Sunday, June 14, 2009

Father-Daughter Paint Night


The oil painting above is 4x5 feet and was painted in 3 hours. Normally a painting this size would take me months.

It starts with a quick home cooked meal. Crab cakes and a simple salad. I open a bottle of wine and listen to the gurgle of the first fast pour. Dad cracks the pop of a cold PBR and takes a satisfying sip. There’s excitement in the air because tonight the two of us are going to create a painting. It a giant white canvas--I mean this thing is big. It rests directly on the floor and leans against the wall. No easel could support it. I turn The Stones up a little louder on the stereo while dad adjusts the lighting. The room is now very bright and it’s late and dark outside. We’ve done this a few times before. Sometimes we start with a photograph, the painting above we call Elk Creek. It’s on property our family owns in the mountains of North Carolina. The photo was taken in early fall just as the leaves were really starting to change. Or sometimes we’ll create something totally abstract--just because it’s fun to sling paint and see what happens.

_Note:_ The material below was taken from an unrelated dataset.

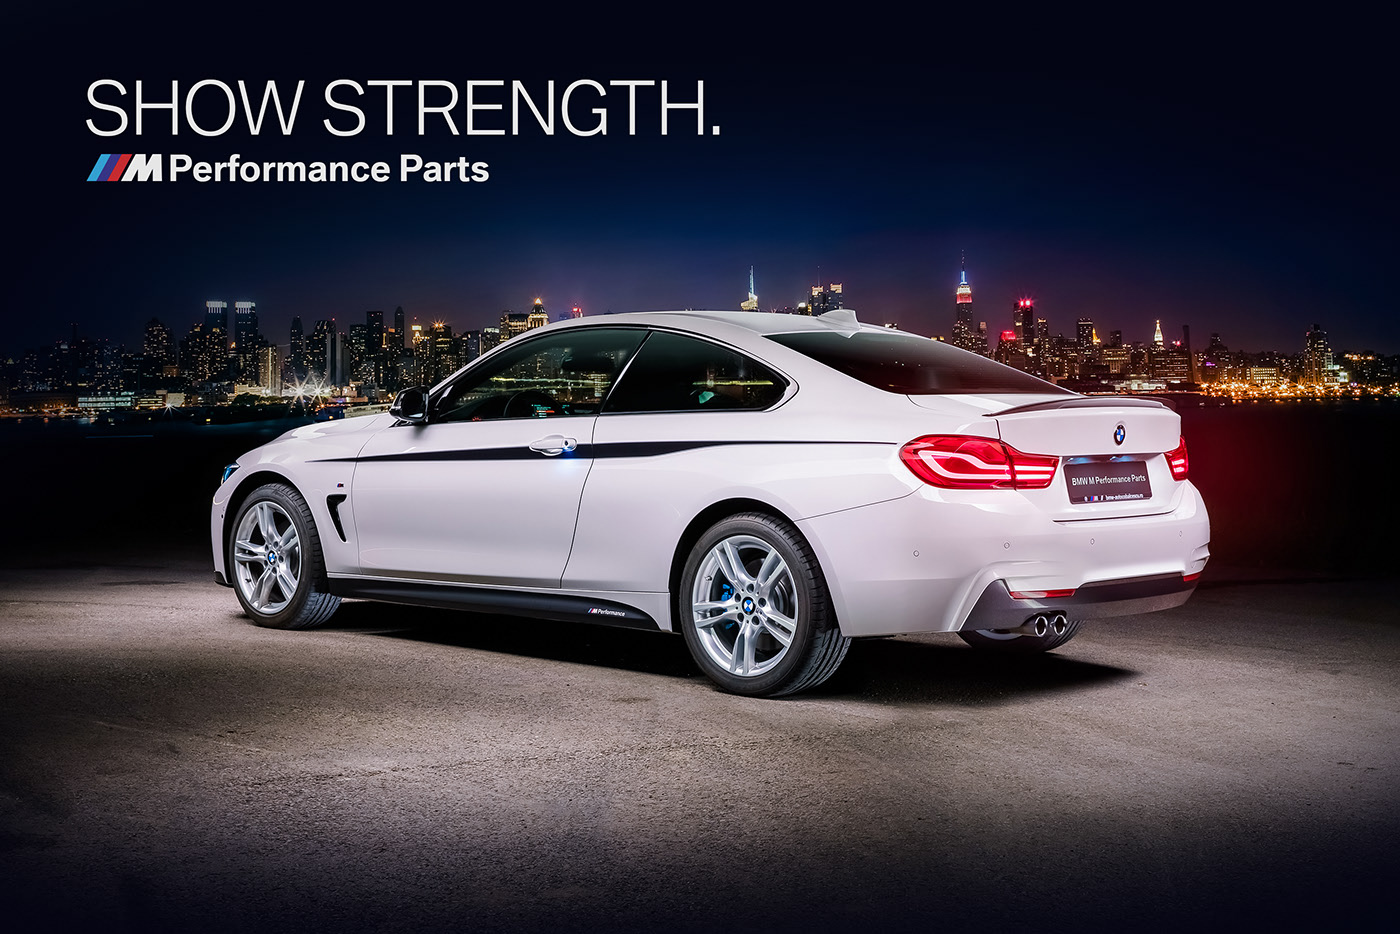 BMW Performance Parts

There aren’t any real rules. Dad will sketch out the horizon line. I’ll squirt some green and blue paint onto my palette. Pick out a paintbrush and GO! It’s fast and furious. We paint like crazy people. The music is loud, really loud. No close neighbors out in Hillsborough to complain. I’ll create leaves on a tree that hasn’t been painted yet while dad fills in the deep rust color of the ground. After about an hour it’s starting to take form. It takes that long just to get paint over most of the large canvas. We’ll step back ten feet to get a good view of our progress. Make some suggestions, grab another beer, change the CD and hit it hard again. About two hours into it I’m covered in paint. All I can smell is the nutty linseed oil and the sharp note of oil paints. It’s really starting to take shape and I’m having a hell of a lot of fun. Dad starts critiquing my paint application and I tell him to shut-up and work on his shading. Somehow in the midst of it all, a random blob of yellow ended up in the creek. Neither of us know where it came from, probably a glob of yellow paint intended to be a leaf but fell onto the blue of the water. We decide that we love it and leave it to be. Sometimes art creates itself and you just get to be a part of it all. After 3 hours neither of us can believe how incredible our painting looks. Maybe it’s the booze, maybe we’re both high from all the paint fumes. But each time I’m incredibly shocked at what we’ve created. I would never have been able to paint this on my own, and the same for my dad. We each bring something to the canvas that is special. My mom can usually tell who painted what, but she’s known us for our entire creative lives. Others can’t tell all at. Somehow our brushstrokes and color choices are able to work together, as different as fingerprints but all on the same hand. We’ll price our paintings out loud. “This one is definitely worth $3K easy!” “No, there’s no way I’m letting it go for less than 5.” But we’ll end up donating it to a charity auction. The one below is being sold at A Tasteful Affair this year, a benefit for the Ronald McDonald House if you’d like to have a look in person.



One day dad and I hope to have a gallery showing of all our joint paintings. We’ll wear black and sip martinis and pretend that we knew exactly what we were doing every stoke of the way.